Hurricanes, Wildfires and Impact on Insurance
By Michael Giusti
The heat of the summer brings with it two worrisome insurance risks — hurricanes and wildfires. Although seemingly as opposite as fire and water, both natural disasters are driven by the extremes of climate change, and forecasters warn that in the medium to long term, both stand to get worse if the long-term greenhouse gas emissions aren’t brought into check.
From an insurance industry perspective, both the hurricane season and wildfire season bring uncertainty and risk as forecasters warn of the coming months and homeowners warily await their policy renewals — if renewals are offered at all.
This guide will aim to lay out the risks wildfires and hurricanes pose to the insurance industry and some of the considerations policyholders and insurance companies should be keeping in mind in the coming months and years.
The Months Ahead
Forecasts are notoriously difficult for both hurricanes and wildfires, but the science community does its best to give as much advance warning as possible to keep people and property safe.
As far as hurricanes are concerned, according to the National Oceanic and Atmospheric Administration, 2023 looks like it may hold a typical hurricane season, driven largely by the conflicting forces of the El Nino Pacific Ocean weather pattern and the above average ocean temperatures.
These are competing forces, because El Nino tends to suppress hurricane formation, while higher ocean temperatures tend to fuel the storms once they do form.
NOAA predicts that between 12 and 17 named storms should form this year, with between five and nine of which will likely become hurricanes, and as many as four are predicted to become major storms of category three or larger.

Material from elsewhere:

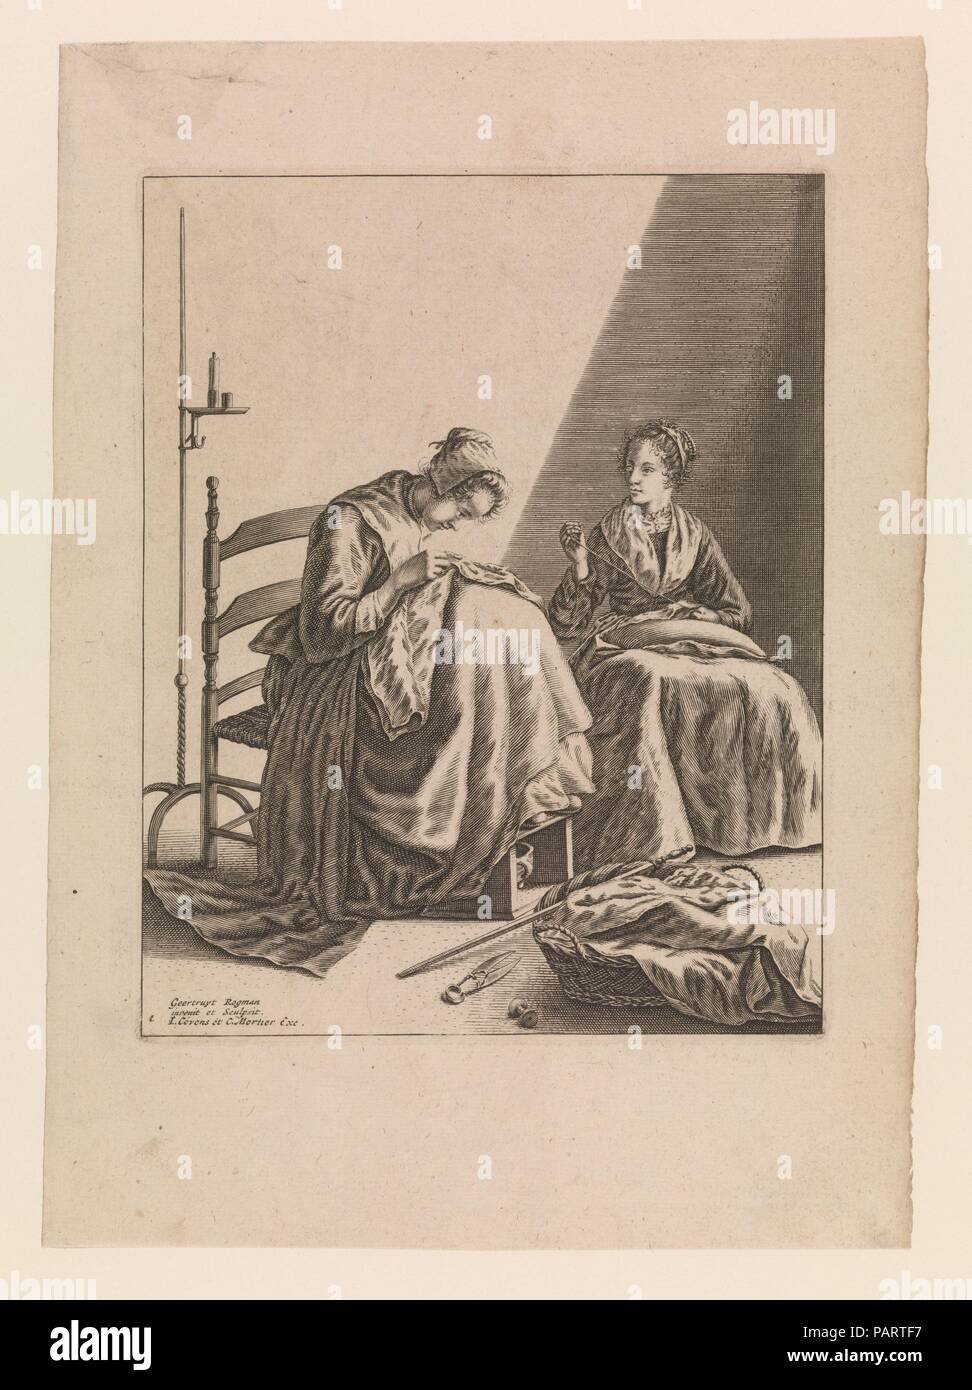 Two Women Sewing, Plate 1 from Five Feminine Occupations. Artist: Geertruydt Roghman (Dutch, Amsterdam 1625-1651/57 Amsterdam (?)). Dimensions: Plate: 8 3/8 x 6 1/2 in. (21.2 x 16.5 cm)  Sheet: 11 1/2 x 8 5/16 in. (29.2 x 21.1 cm). Publisher: Covens et Mortier (Dutch, 17th century). Date: ca. 1640-57.  Roghman, from an Amsterdam family of artists, is known for some reproductive prints and her original suite of five engravings, 'Household Tasks': sewing, spinning, reading (?), cooking, and cleaning cookware (see 56.550.2-.6). The two subjects set in kitchens are unusual in that the solitary mai Stock Photo

The Colorado State University Tropical Weather and Climate Research team similarly echoes that sentiment of a near-typical hurricane season.
But they go on to remind residents that it only takes one storm making landfall near your home to make a storm season seem especially active.
Already three named storms have formed in the Atlantic Basin so far in 2023, though none have yet made landfall in the Continental United States.
Similarly, wildfires are looking at a mixed forecast in 2023, with California and much of the Southwest looking at a normal to below normal fire risk, while the Pacific Northwest and much of the Great Lakes Region face above-normal fire risks according to the National Interagency Fire Center.
Impact on Home Insurance
Many researchers say they worry that if greenhouse gasses continue unabated, disasters such as wildfires and hurricanes will only get more frequent and costly, leading to bigger losses for insurers. In many markets that is already happening, with repercussions in the insurance market.
For example, in many coastal communities in hurricane-prone states, such as Florida and Louisiana, mainstream insurance companies that are regulated by the state insurance commissions just aren’t writing homeowner’s insurance policies anymore.
Similarly, Allstate and State Farm have stopped offering new homeowner’s policies in California in response to wildfire risk.
For communities that can obtain policies, premiums are going up in high-risk areas, and in many cases, deductibles are higher.
For communities without mainstream insurers, one option homeowners have is to turn to their state-run insurer of last resort — so-called Fair Access to Insurance Requirements, or FAIR plans — which is typically priced by law above all other insurers in the state and often have lower policy limits.
Often the only other option aside from a FAIR plan policy is to opt for insurers in the un-regulated, so-called unadmitted or surplus market. But surplus policies are not without risk. That is because surplus insurers tend to cost more than their regulated counterparts, and if they go under because of major losses after a disaster, the state backstops won’t bail out the homeowners.
Part of what is driving the insurers out of these markets is that the higher number of losses means they aren’t making as much profit on the policies they are writing. But another major factor is the cost of reinsurance — the policies the insurance companies themselves take out to backstop themselves from catastrophic risks. Years of major disasters have driven up the reinsurance prices, meaning that riskier policies just aren’t profitable to write anymore.
What is Actually Covered
If a disaster is threatening a community, one of the first things a homeowner should do is to become familiar with what is, and what is not covered by their policies.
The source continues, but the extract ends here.